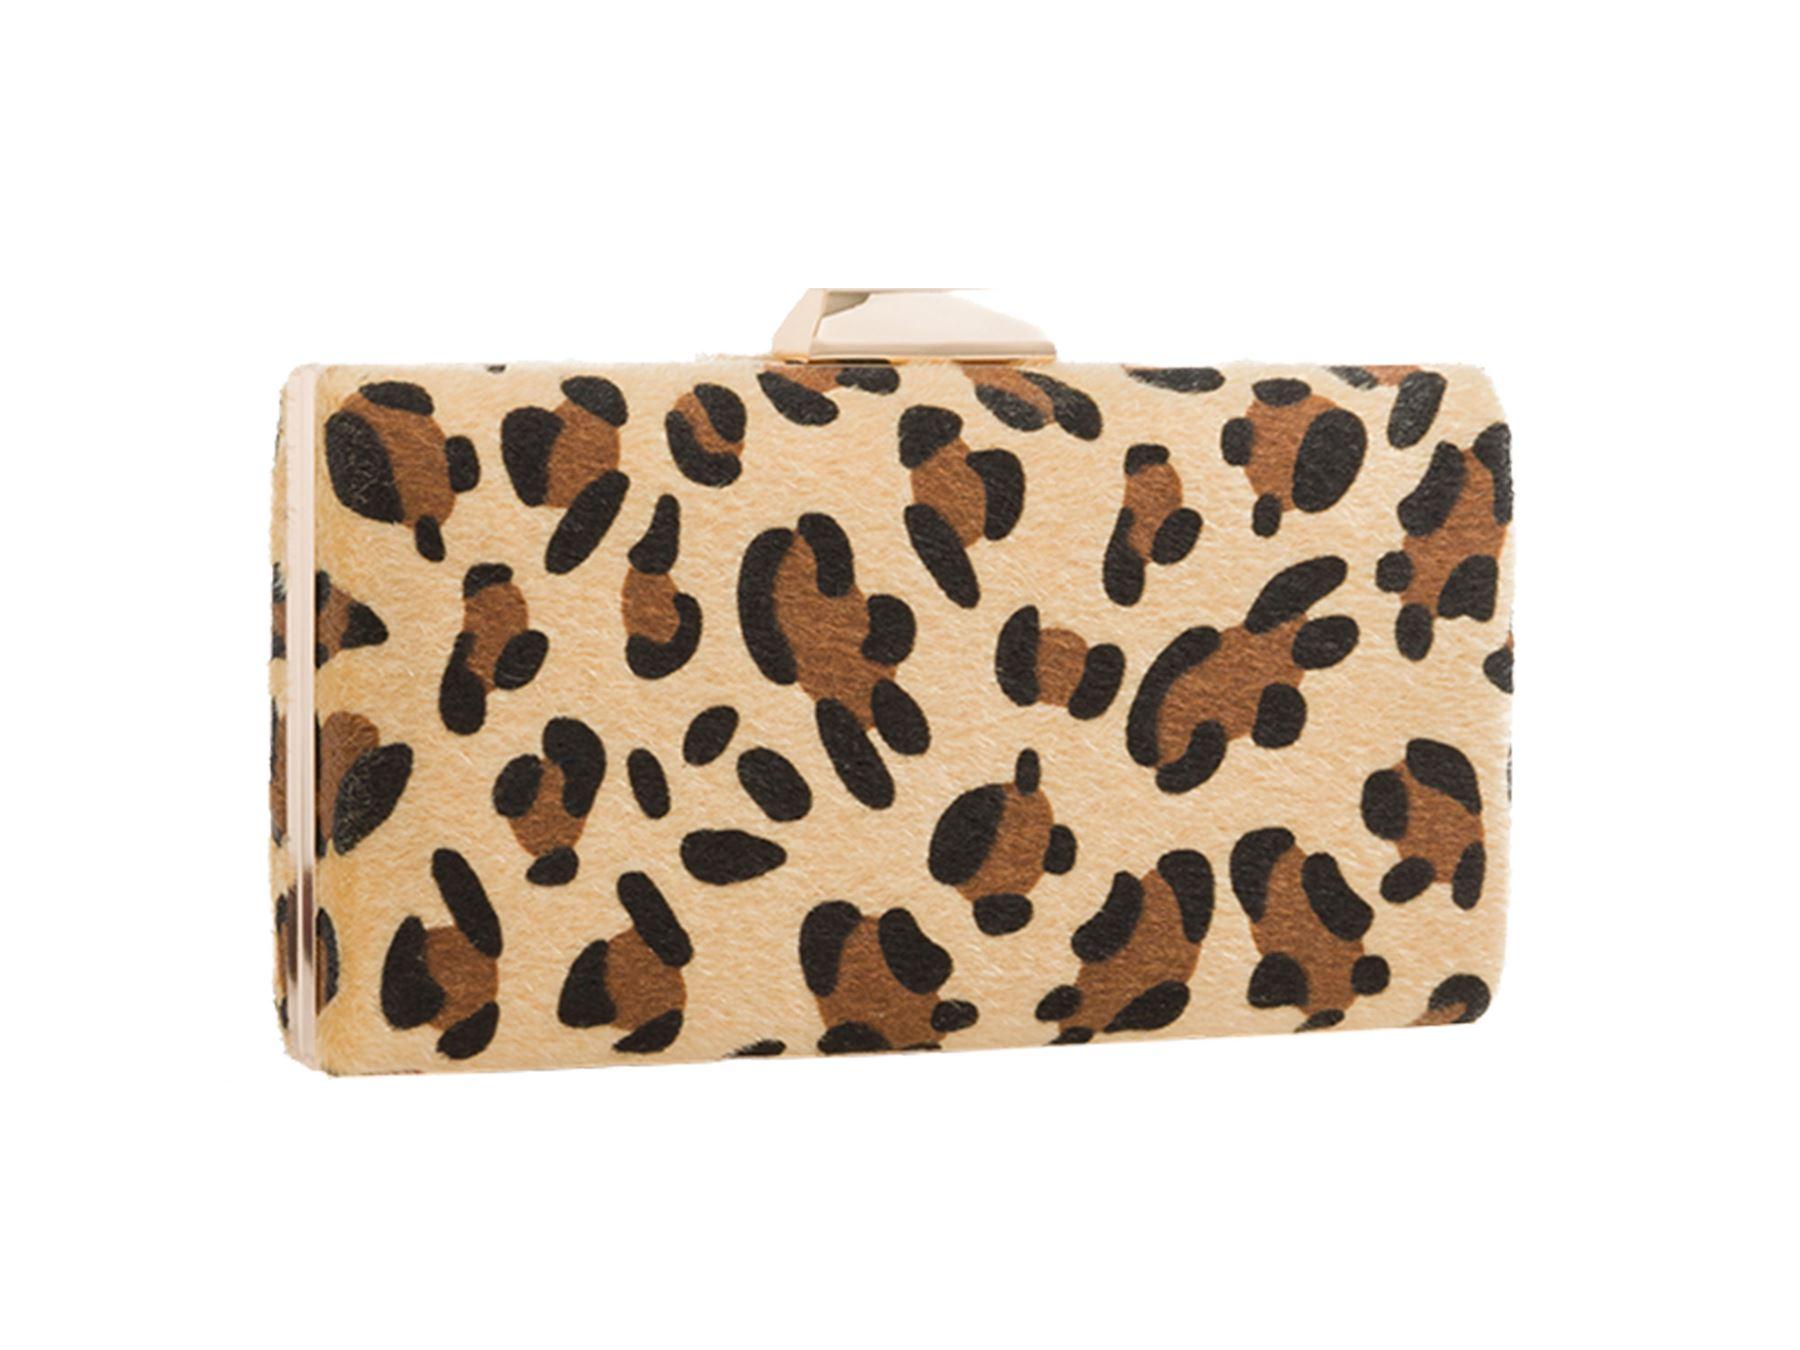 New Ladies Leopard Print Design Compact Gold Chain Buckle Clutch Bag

==

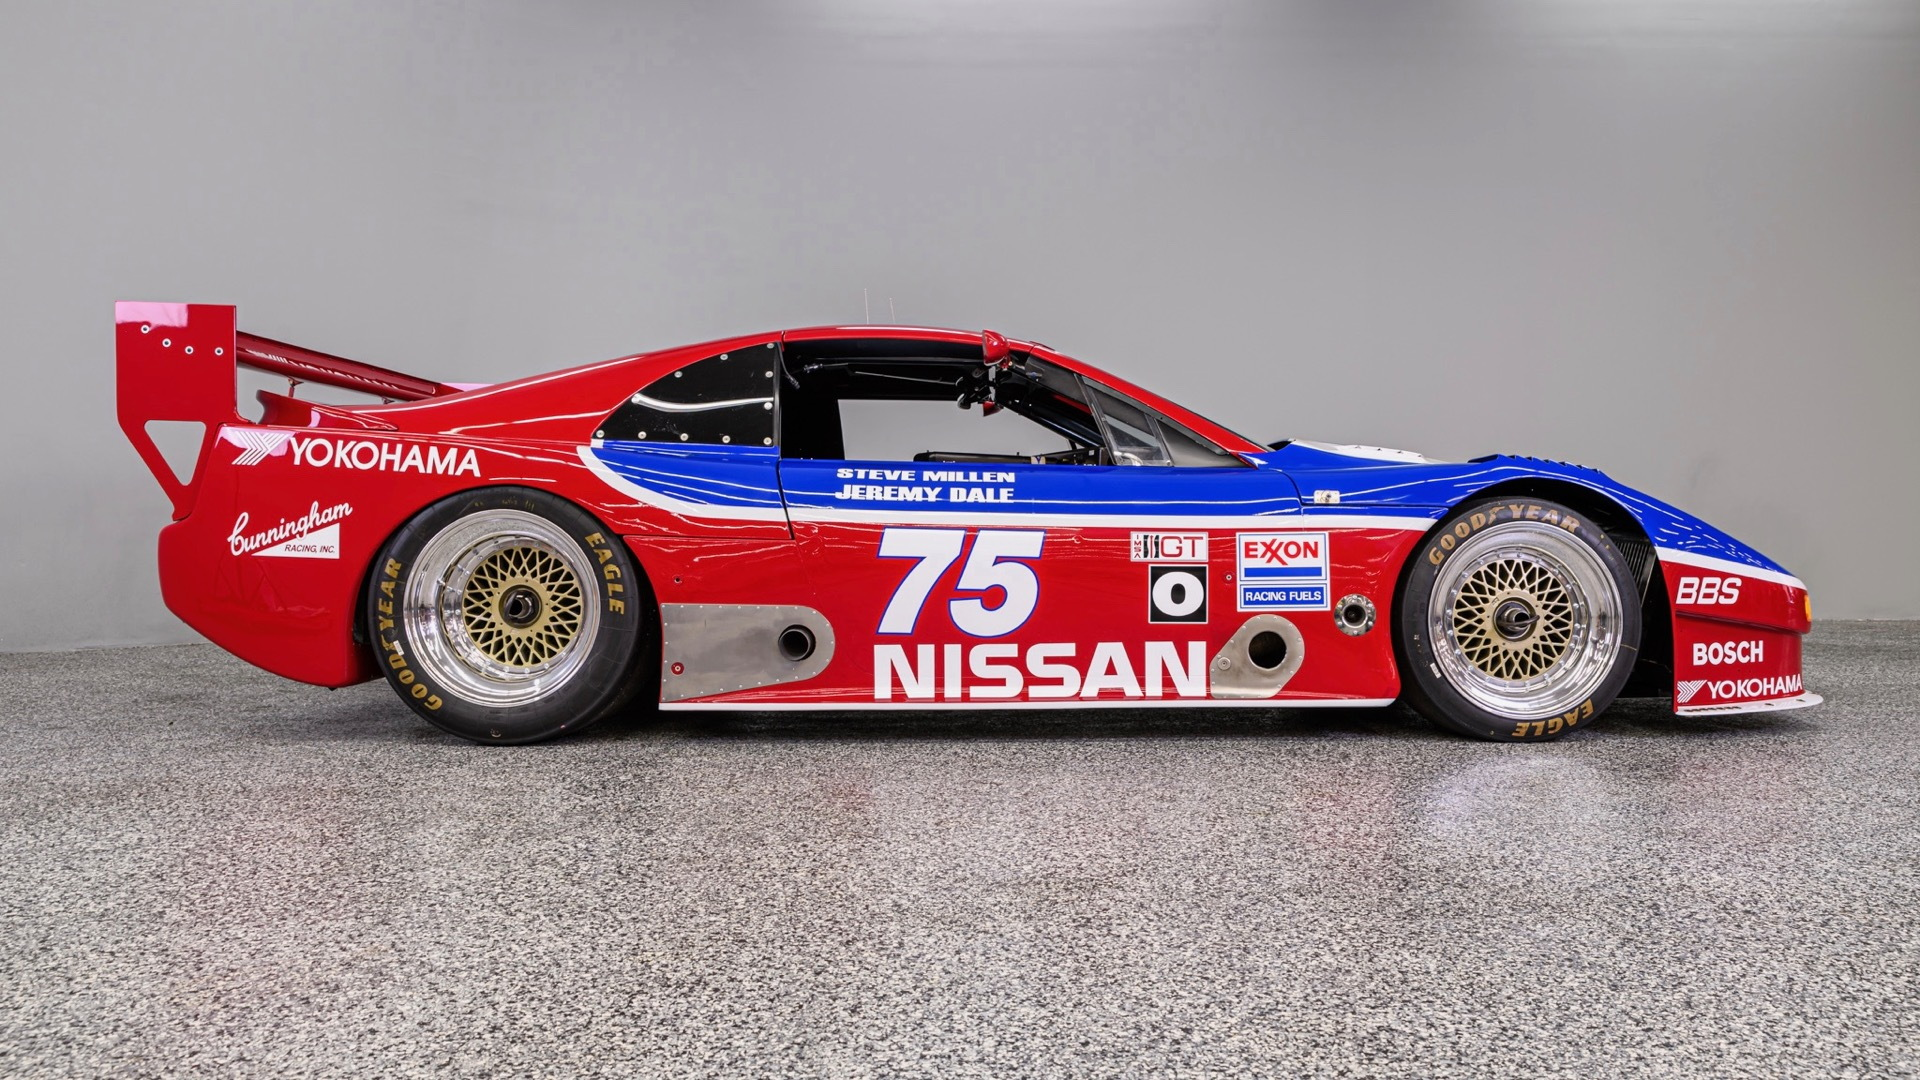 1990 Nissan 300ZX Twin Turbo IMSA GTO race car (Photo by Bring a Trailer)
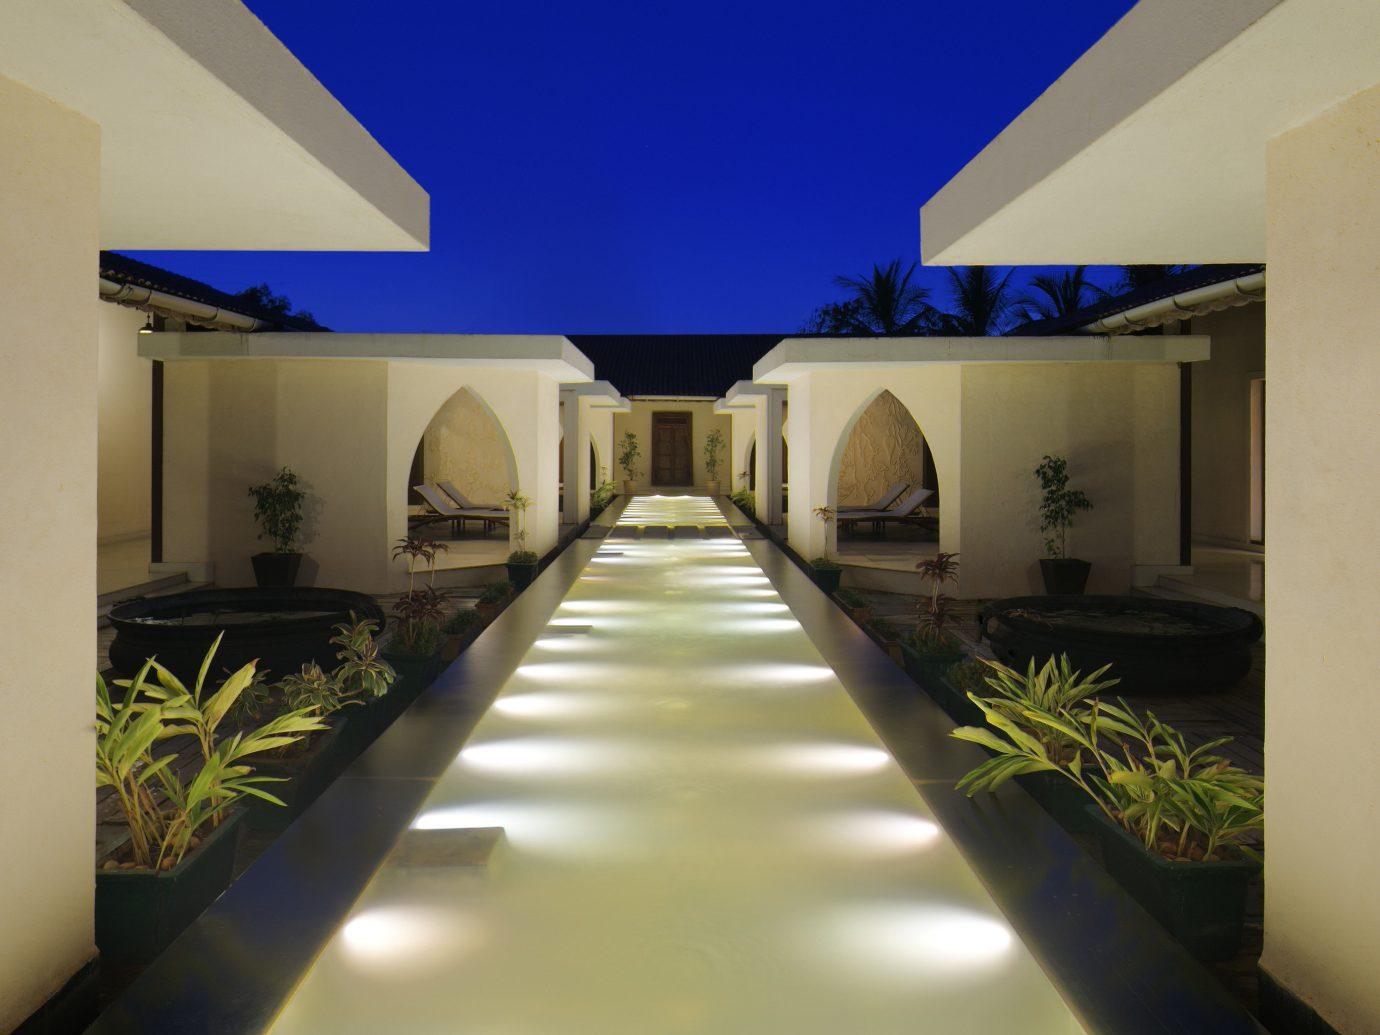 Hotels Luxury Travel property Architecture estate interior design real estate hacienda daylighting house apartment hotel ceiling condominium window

PROBLEM
Reproduce exactly the lines above starting at the line containing "1990 Nissan 300ZX" and ending at the line containing "Hotels Luxury Travel", including both, but not the pictures.

SOLUTION FOR THIS EXERCISE
 1990 Nissan 300ZX Twin Turbo IMSA GTO race car (Photo by Bring a Trailer)
 Hotels Luxury Travel property Architecture estate interior design real estate hacienda daylighting house apartment hotel ceiling condominium window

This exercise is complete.